_Input for this task_:
══════════════════════════════

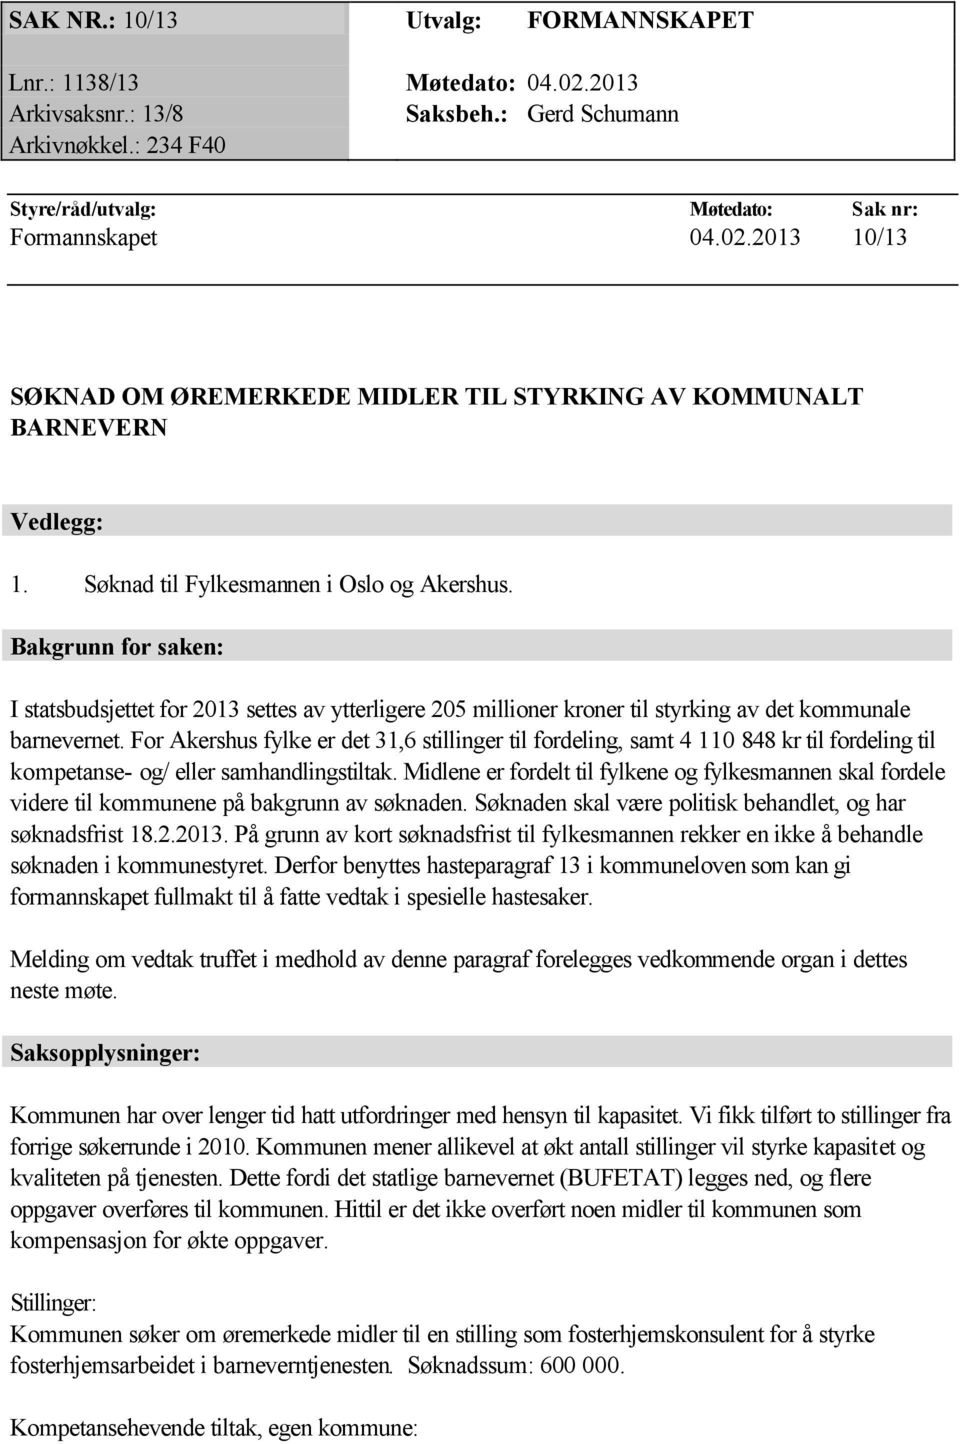 For Akershus fylke er det 31,6 stillinger til fordeling, samt 4 110 848 kr til fordeling til kompetanse- og/ eller samhandlingstiltak.
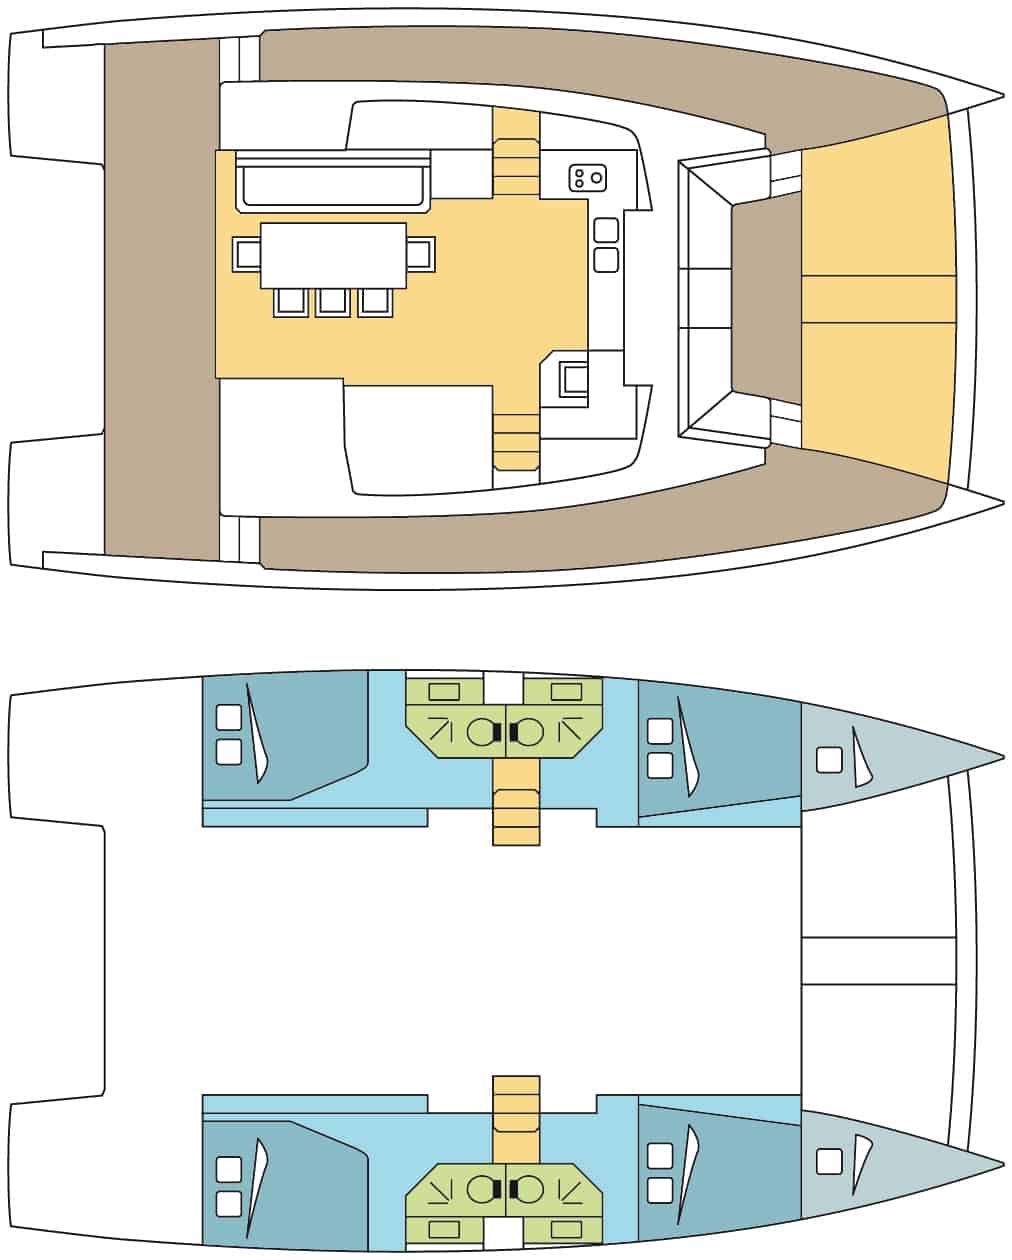 Bali 4.3 Catamaran layout of saloon and cabins
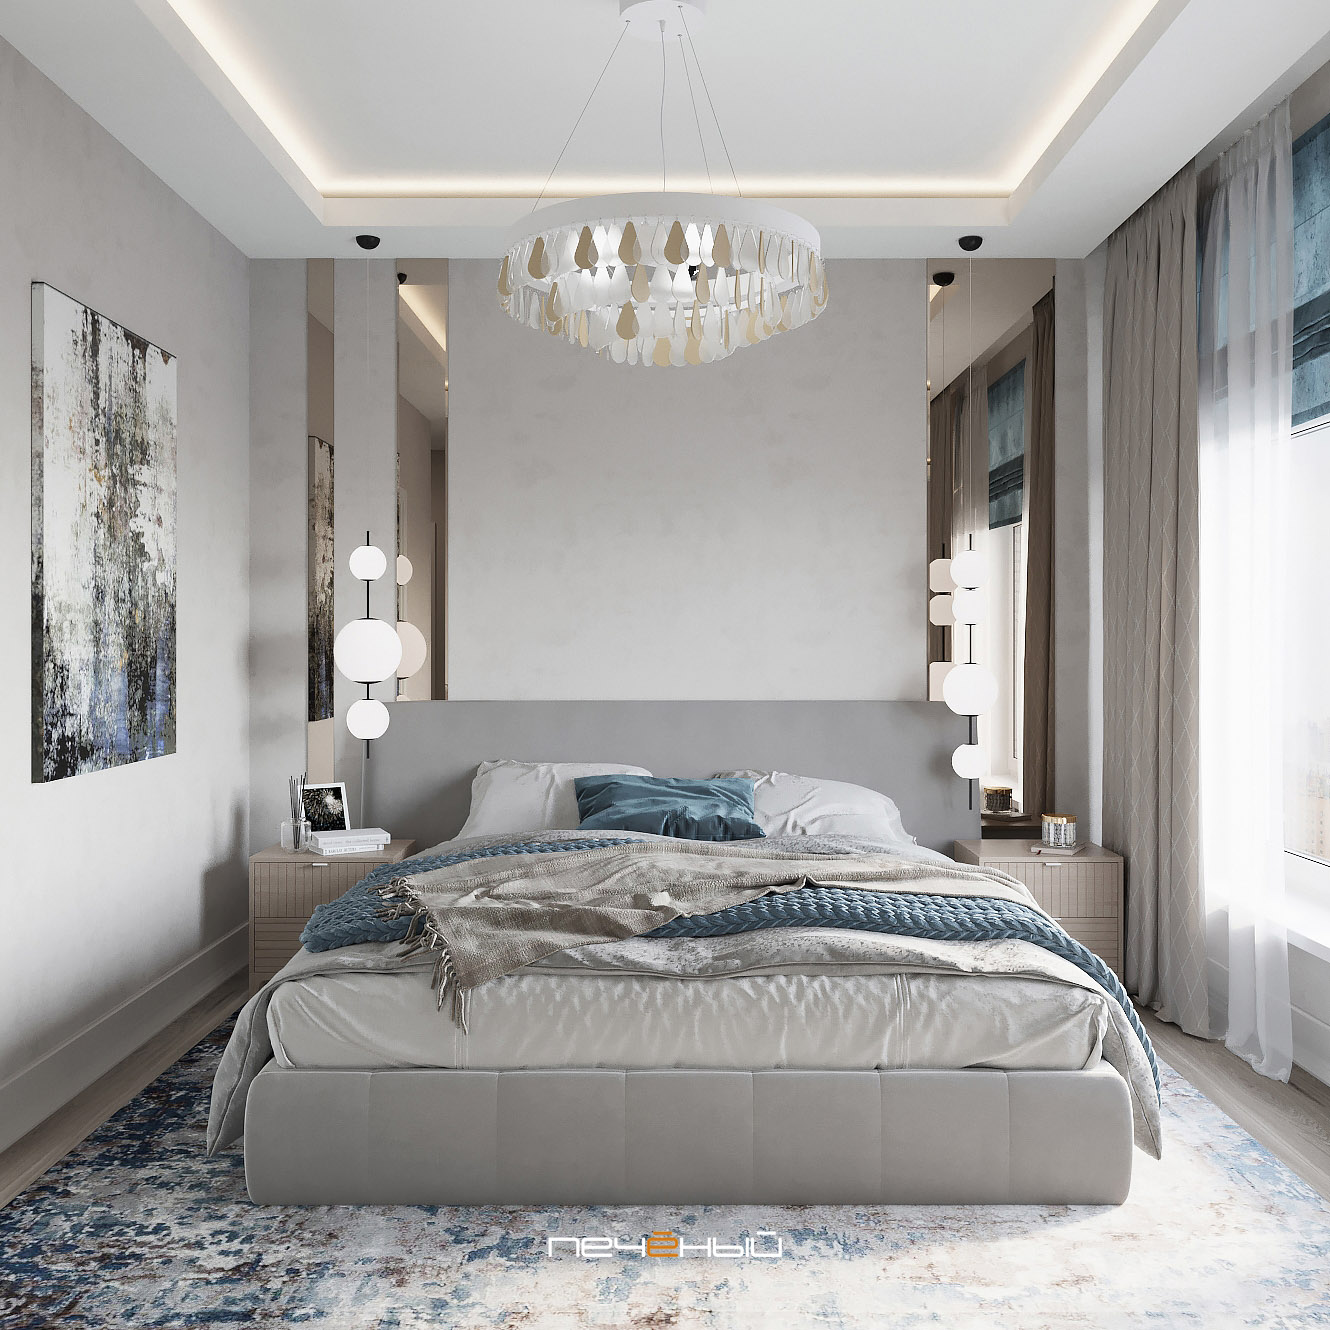 [Download 20+] 24+ Дизайн Спальни 2020 С Гардеробной Images GIF Дизайн Спальни С Угловой Гардеробной
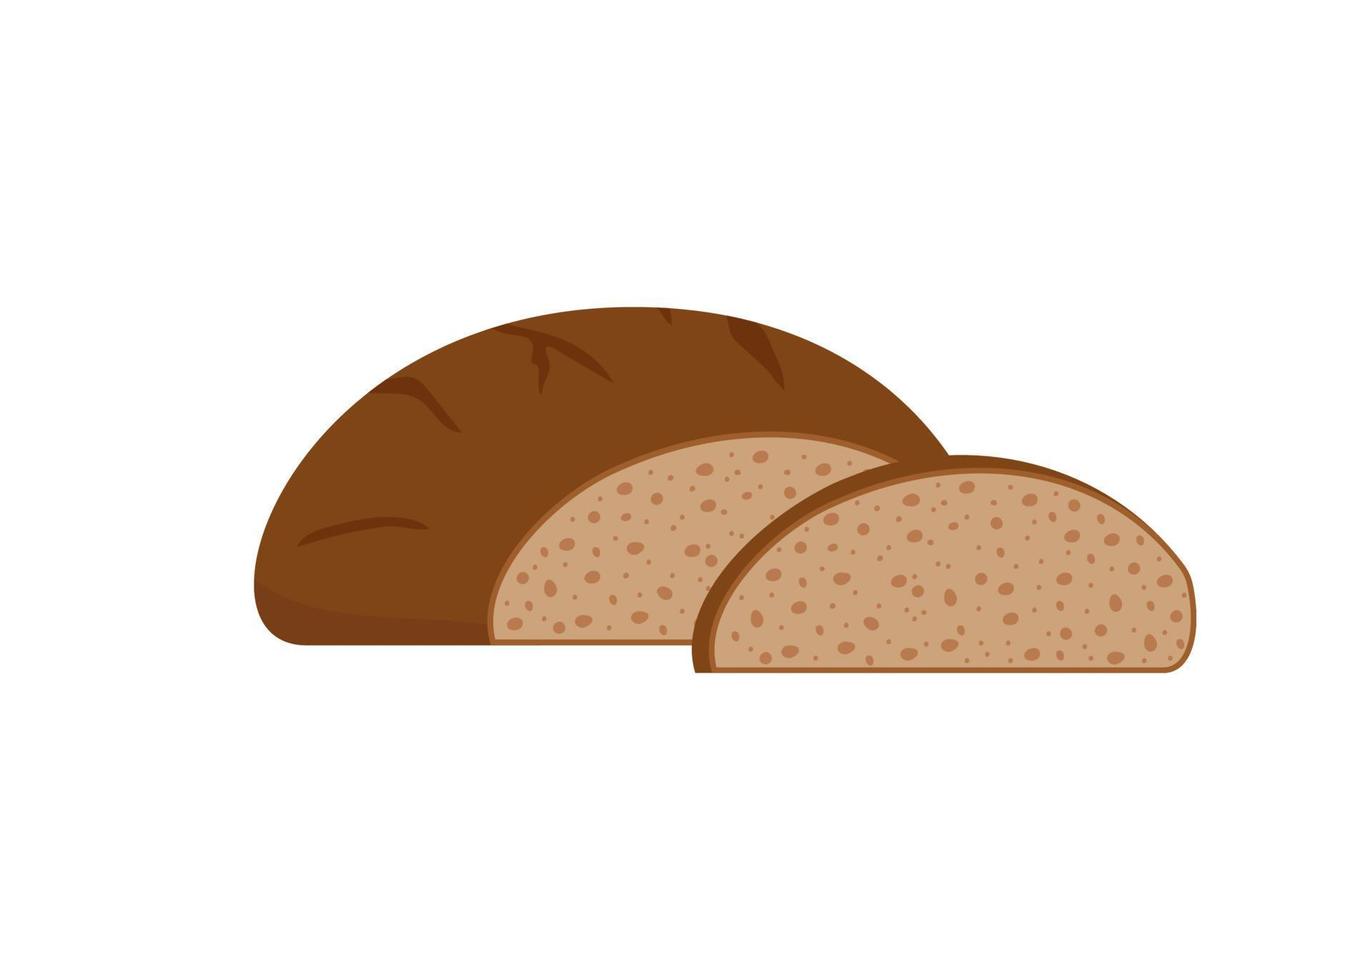 gebakje brood van rogge, bruin bakkerij voedsel, broodje. cirkel brood met besnoeiing plak. vector illustratie
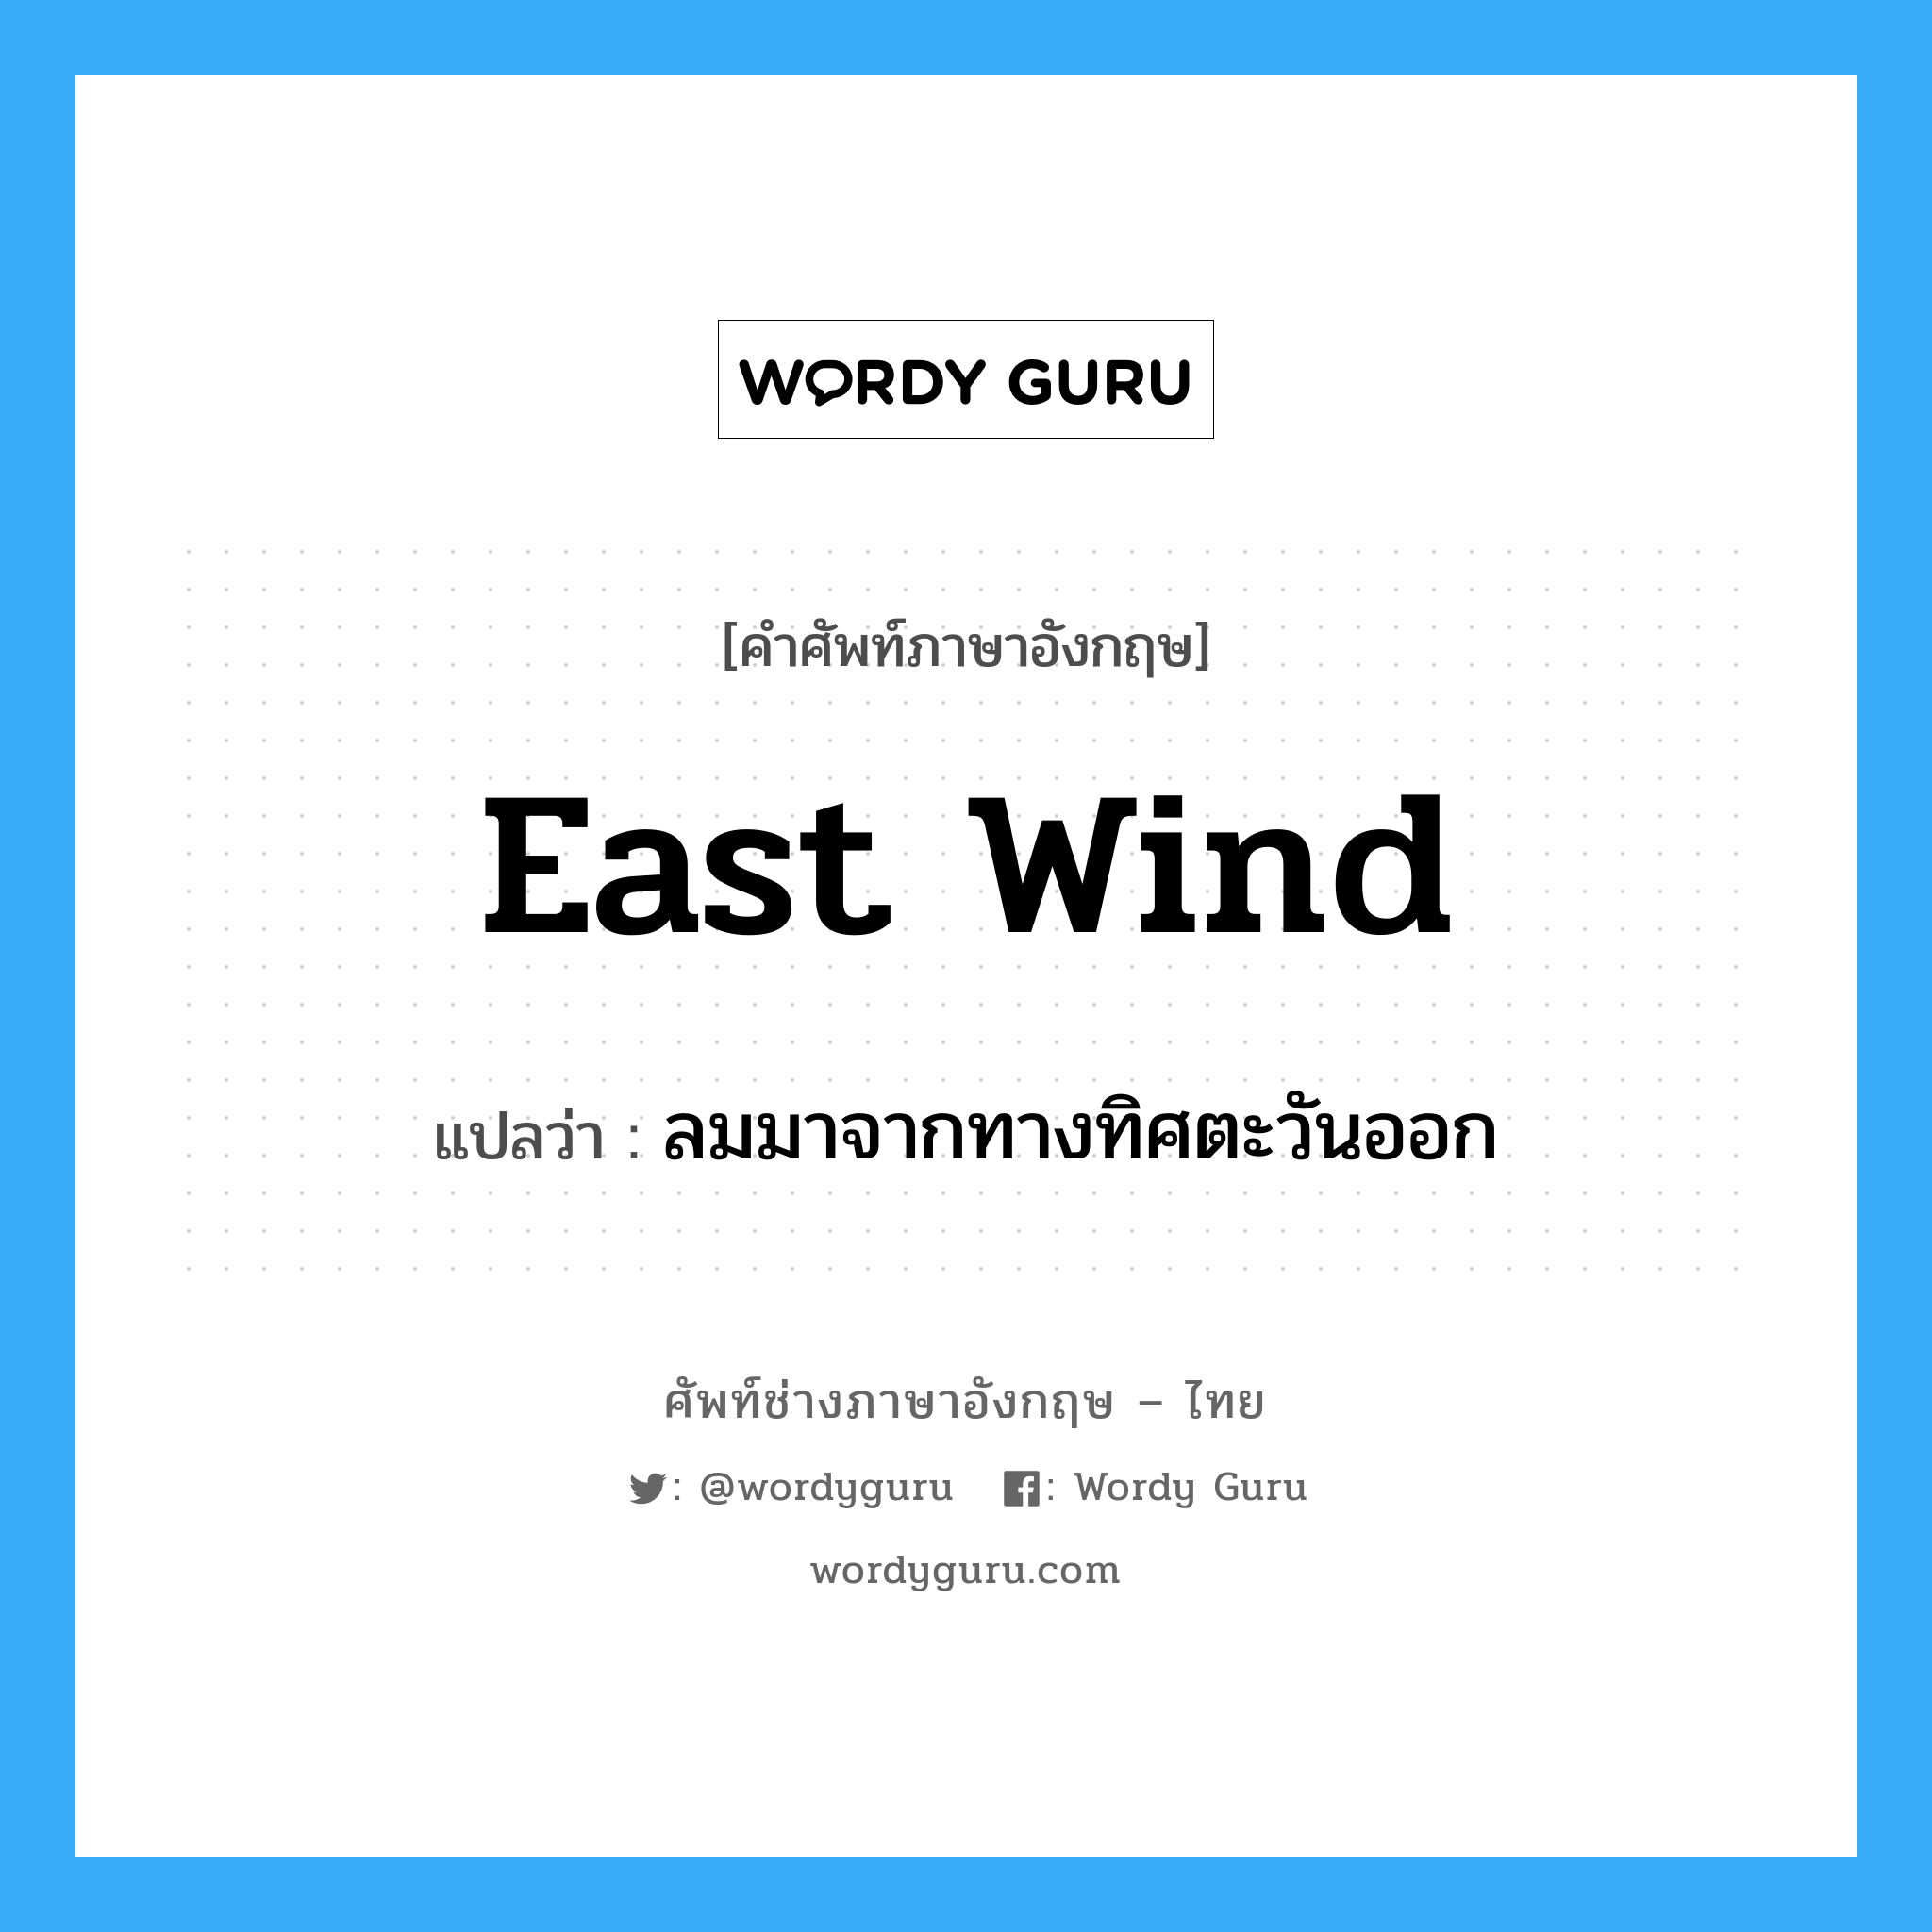 ลมมาจากทางทิศตะวันออก ภาษาอังกฤษ?, คำศัพท์ช่างภาษาอังกฤษ - ไทย ลมมาจากทางทิศตะวันออก คำศัพท์ภาษาอังกฤษ ลมมาจากทางทิศตะวันออก แปลว่า east wind

══════════════════════════════

_Instructions for the task_:
Everything in the listing above except the pictures should be duplicated exactly.

_Answer space_:
 For Akershus fylke er det 31,6 stillinger til fordeling, samt 4 110 848 kr til fordeling til kompetanse- og/ eller samhandlingstiltak.
 Bali 4.3 Catamaran layout of saloon and cabins
 [Download 20+] 24+ Дизайн Спальни 2020 С Гардеробной Images GIF Дизайн Спальни С Угловой Гардеробной
 gebakje brood van rogge, bruin bakkerij voedsel, broodje. cirkel brood met besnoeiing plak. vector illustratie
 ลมมาจากทางทิศตะวันออก ภาษาอังกฤษ?, คำศัพท์ช่างภาษาอังกฤษ - ไทย ลมมาจากทางทิศตะวันออก คำศัพท์ภาษาอังกฤษ ลมมาจากทางทิศตะวันออก แปลว่า east wind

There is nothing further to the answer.